Just Earth News | @@justearthnews | 11 Jul 2017
Opening this year's political forum, Frederick Musiiwa Makamure Shava, the President of Economic and Social Council (ECOSOC), said a successful session would “send a strong message of our collective commitment to leave no one behind as we pursue the timely implementation of the 2030 Agenda.”
This year's meeting, the second since the adoption of the new development Agenda in 2015, is on the theme of 'Eradicating poverty and promoting prosperity in a changing world.'
Shava noted that this year's discussions will focus on eliminating poverty and hunger, ensuring healthy lives, achieving gender equality, building resilient infrastructure, implementing partnerships, and build on progress achieved at The Ocean Conference to conserve and sustainably use the oceans.
The High-Level Political Forum will be held from 10 to 19 July at UN Headquarters in New York and will also include a three-day Ministerial Segment, at which more than 70 ministers are expected, and which will be held with the High-Level Segment of ECOSOC's annual session.
In addition, the session will include discussions on the challenges and gaps in reaching the development agenda in 44 countries that volunteered to give progress reports, and more than 120 side events related to the SDGs.
“The forum is the place to be when it comes to the global review of the SDGs,” said Under-Secretary-General for Economic and Social Affairs, Wu Hongbo, briefing journalists about the upcoming two weeks.
He underscored the importance of all countries and a wide variety of stakeholders taking ownership of the 2030 Agenda and working across borders to make them work for everyone, including the most vulnerable, such as people with disabilities.
“Have we been successful so far? Yes,” said Wu, pointing to the Secretary-General's progress report on the 2030 Agenda which is being launched during the Forum. “Are we satisfied? No. That is the beauty of having the high-level political Forum. It is a global, central platform on which the countries can tell you where they stand, so this is very important.”
“The important point is that we should keep everyone on point. It's [the 2030 Agenda] is not for one country or one region; it's for all of us. If you have a different point of view, that's natural. But let's keep everyone on board which is so important for mankind.”

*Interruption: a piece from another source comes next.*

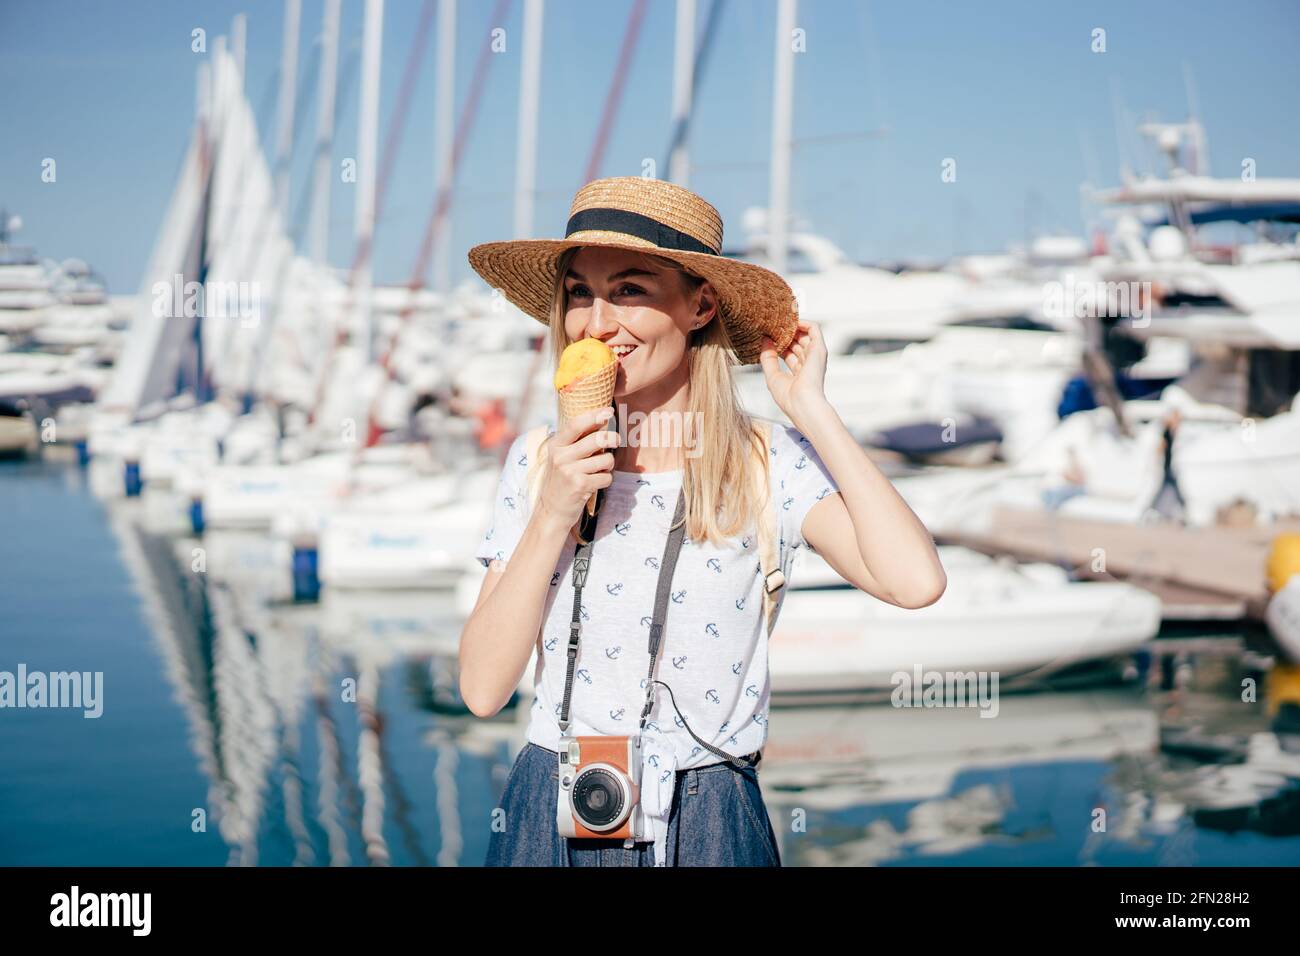 Lustiges Porträt einer Frau im Hafen, die Eiskegel isst. Glückliches Wochenende eines jungen Reisenden. Stockfoto

In his opening speech earlier in the day, Wu said he was “struck” by how far countries have come towards reaching the development goals, and how far they still have to go. For example, over 767 million people worldwide lives on less than $1.90 per day in 2013, despite nearly one billion people escaping poverty since 1999.
The maternal mortality ratio must more than double the current progress by 2030; women's political participation must climb some 75 per cent to reach equality with me, and more efforts must be put into preventing and treating non-communicable diseases so people do not die prematurely.

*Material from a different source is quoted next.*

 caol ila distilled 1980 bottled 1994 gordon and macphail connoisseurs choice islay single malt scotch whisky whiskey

“I am also struck, once again, by the deeply interconnected nature of the different elements of the 2030 Agenda: both challenges and solutions connect different goals and targets,” Wu said. “This makes it imperative that we work together across silos, sectors, disciplines and individual roles or competencies.”
To key to realizing sustainable development “by all people and for all people” is revitalizing and enhancing global partnerships, the senior UN official said, calling for all relevant people to come together and work together, and to mobilize the necessary resources to put their ideas into practice.